Variability and Mixed-Severity Disturbances Characterize Unmanaged Southern Boreal Forests in Russian Karelia

By: Satu Kilpinen

Research on unmanaged forests provides understanding of the structure, dynamics and ecology of natural forest ecosystems. This understanding can be utilized for planning sustainable forest management, conservation measures, or for assessing human impact on forests. Natural disturbance dynamics can be used as a model in forest management, for example in the planning of restoration activities or commercial forest cuttings.
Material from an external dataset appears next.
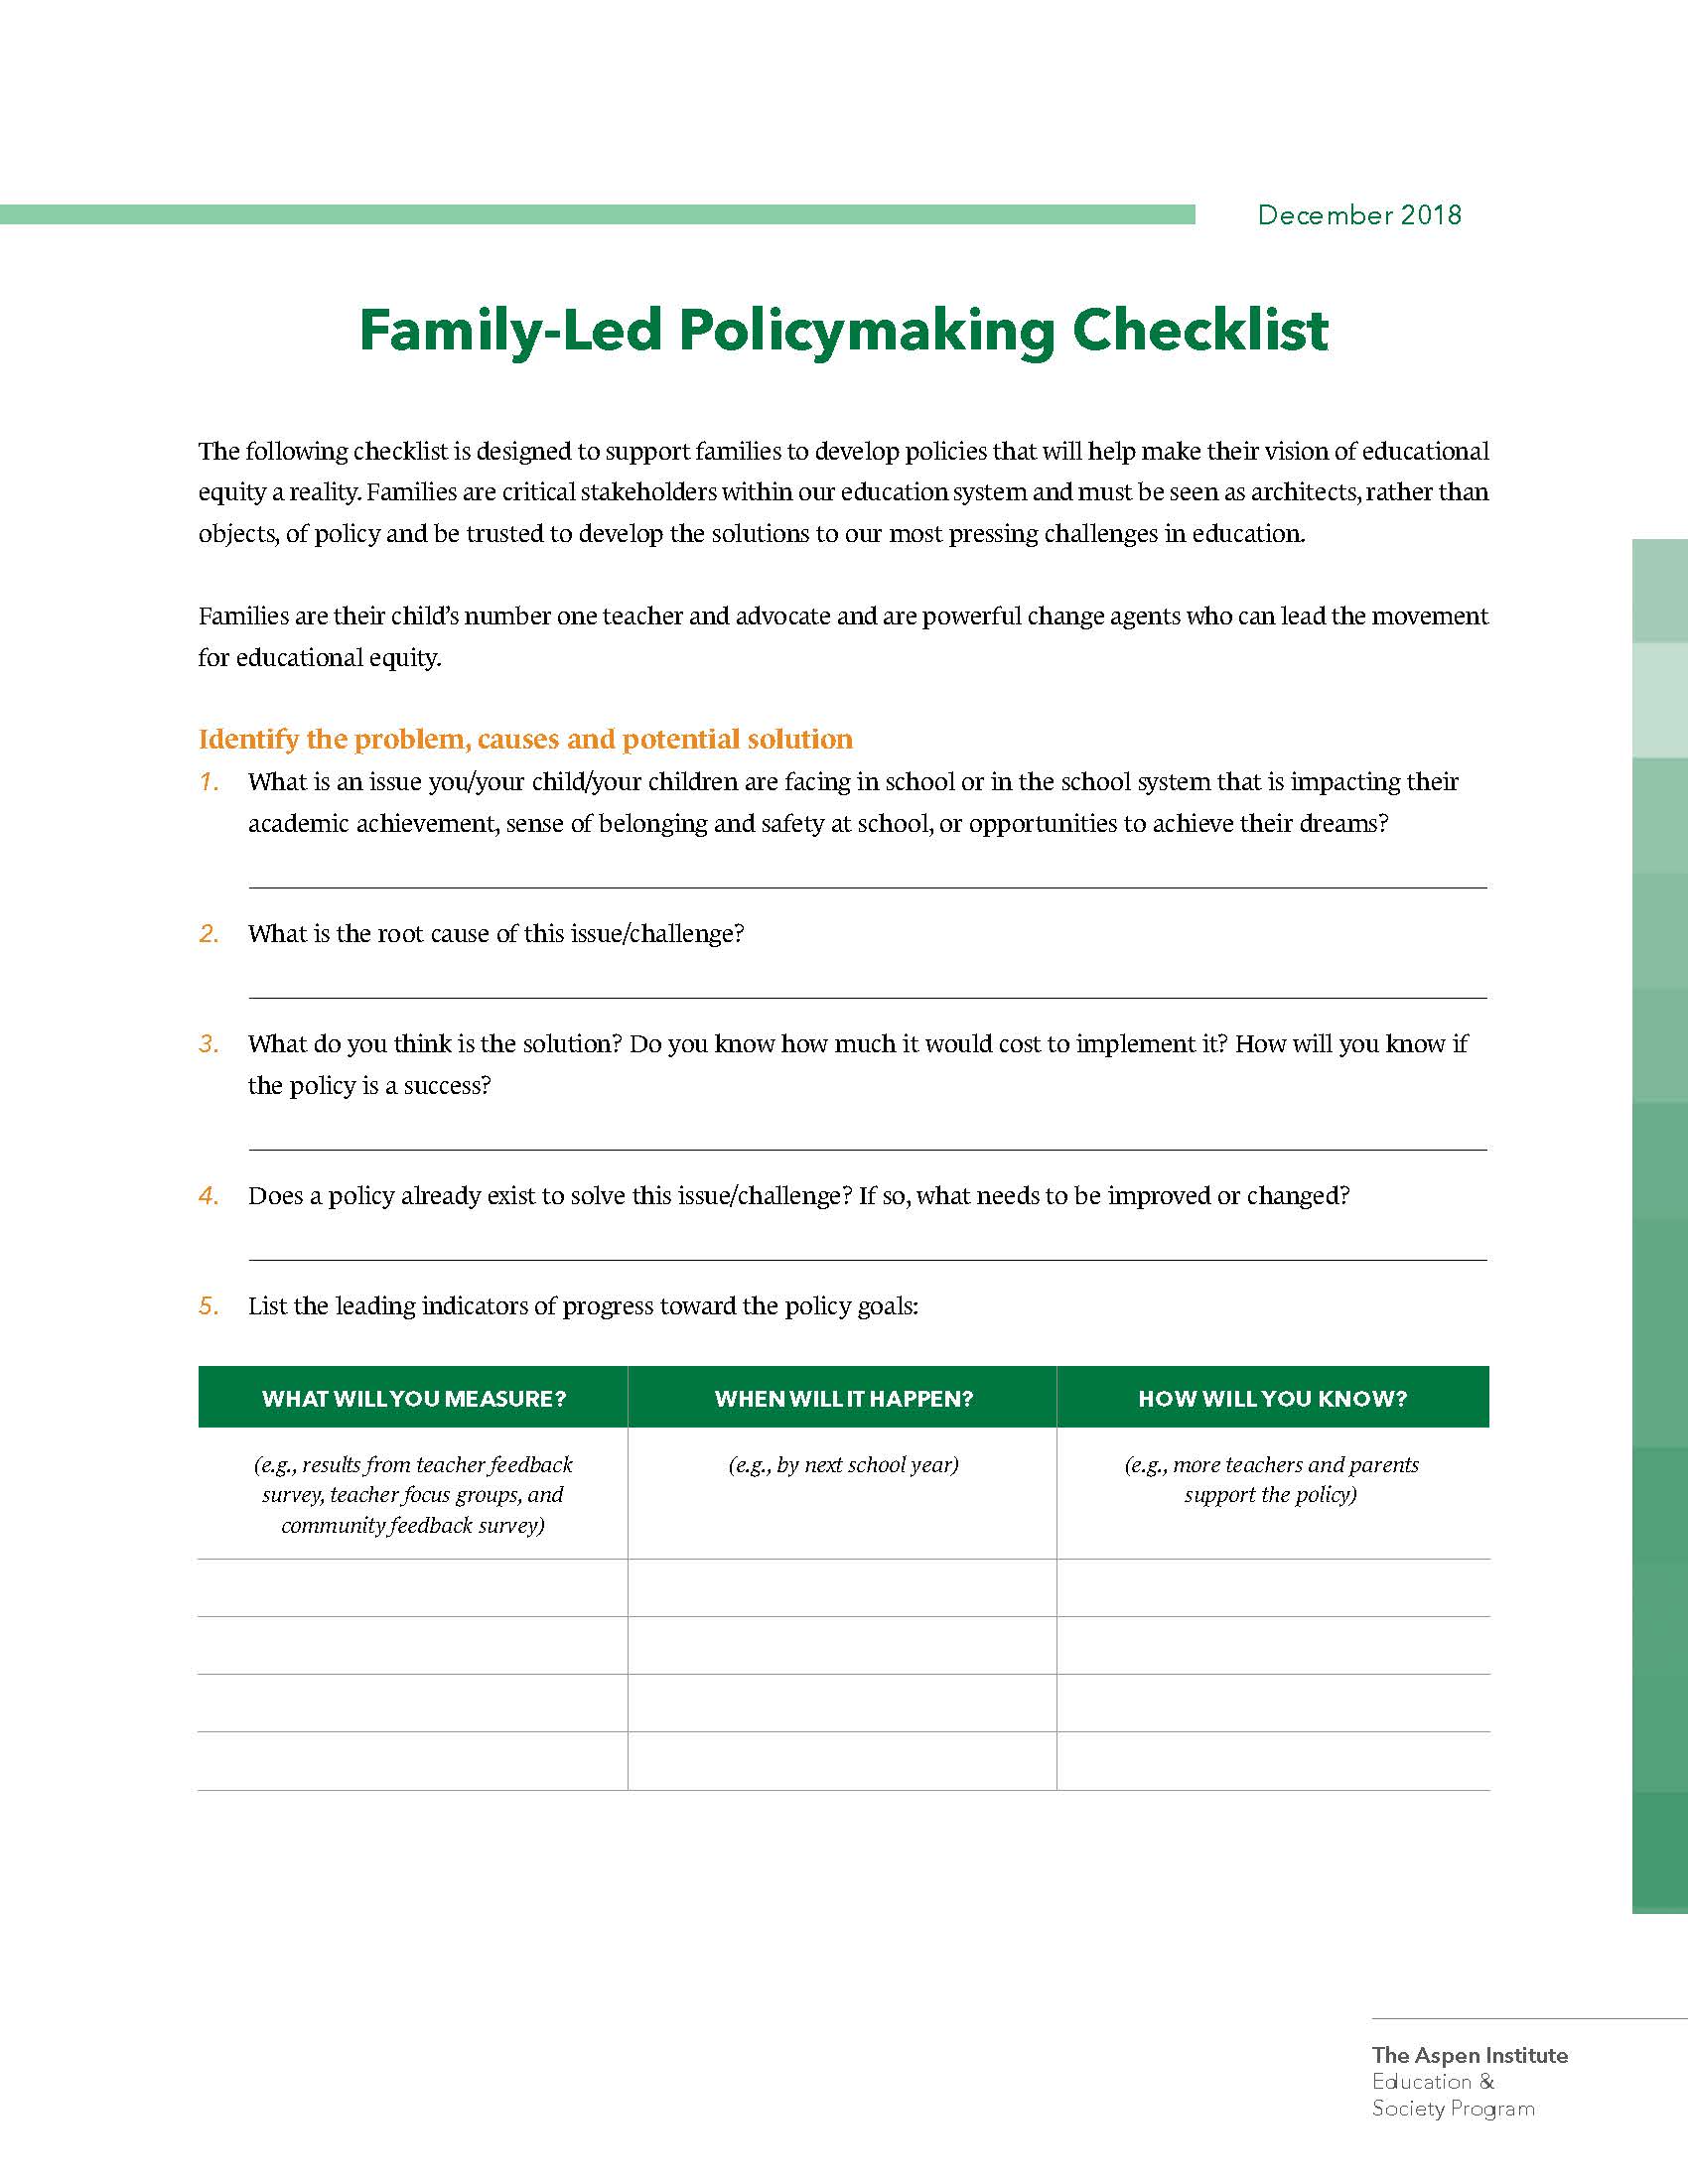 صنع السياسات التي تقودها الأسرة Checklist_Page_1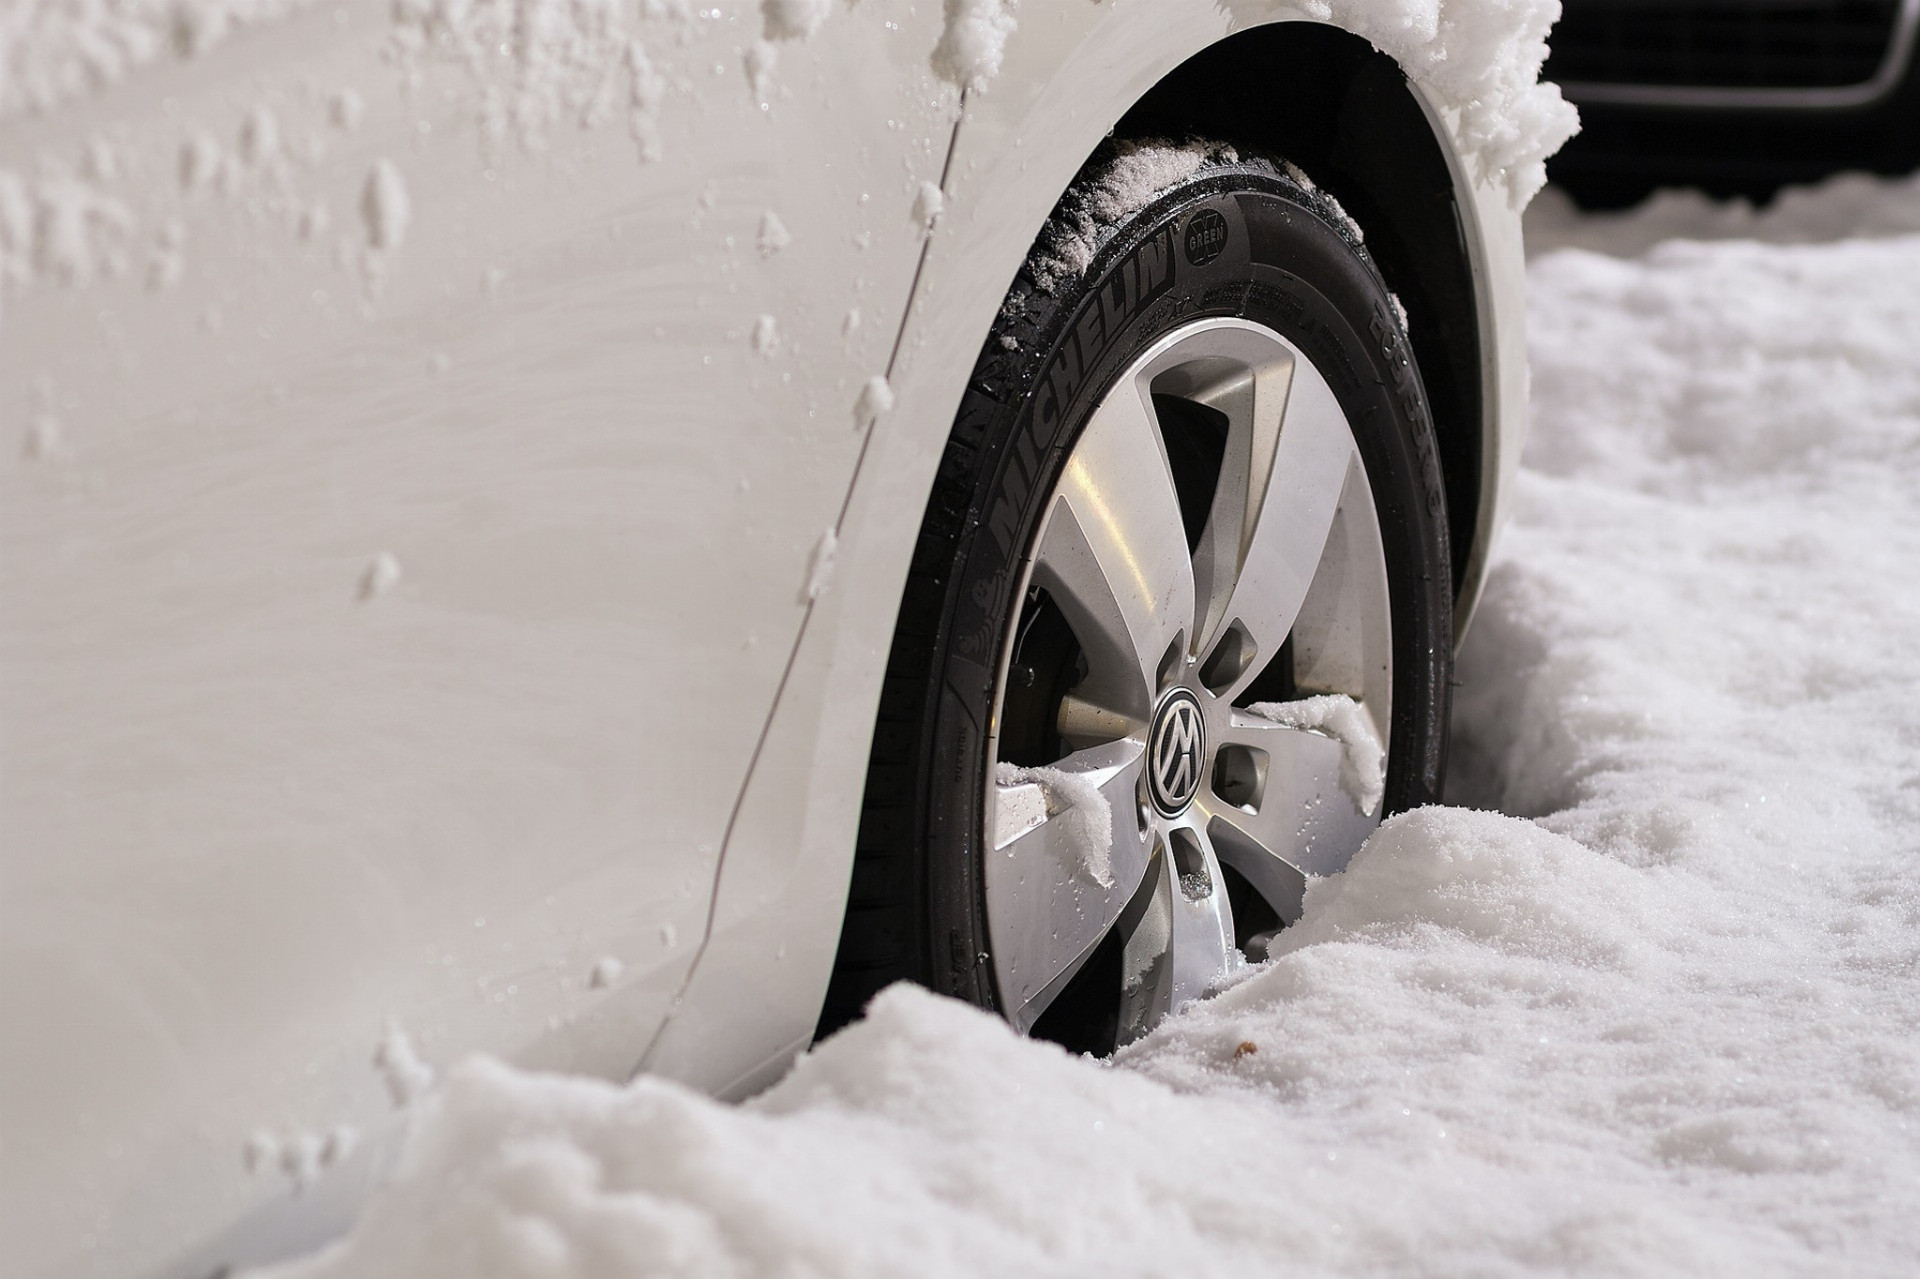 Zimné obutie pneumatík by v tomto čase malo byť rozhodne samozrejmosťou, no treba skontrolovať aj ich stav. „Zimné pneumatiky by mali mať hĺbku dezénu viac ako štyri milimetre. Hlboký dezén lepšie drží smer, pneumatiky majú výrazne kratšiu brzdnú dráhu a dokážu tak udržať auto na ceste aj v extrémnych podmienkach,“ upozorňuje Peter Kundlák. Obdobne pred cestou určite skontrolujte, či nemajú pneumatiky praskliny či iné poškodenia, ktoré by sa vám na ceste mohli vypomstiť. Skontrolujte aj tlak v pneumatikách. Ak je pneumatika podhustená, môžete ju preraziť na jame, ktorú pod snehom nezbadáte a najmä na slovenských cestách ich je počas zimy naozaj veľké množstvo. Vážna dopravná nehoda hrozí aj pri prehustených pneumatikách. Pneumatika sa dotýka vozovky len stredom dezénu, čím nemá nielen potrebnú trakciu, ale môže sa dokonca pretrhnúť.

In this study, we quantified and analyzed the disturbance history of four different forest stands in southern boreal forests of Russian Karelia. Our aims were to determine the disturbance frequency, intensity and range in different spatial scales, and to explore the connection between disturbance quality and forest characteristics. We used standard dendroecological methods (i.e. tree-rings) to record growth releases and gap recruitment from individual trees, indicating past disturbance. With this information, we reconstructed a disturbance chronology for each stand over the past two or three centuries.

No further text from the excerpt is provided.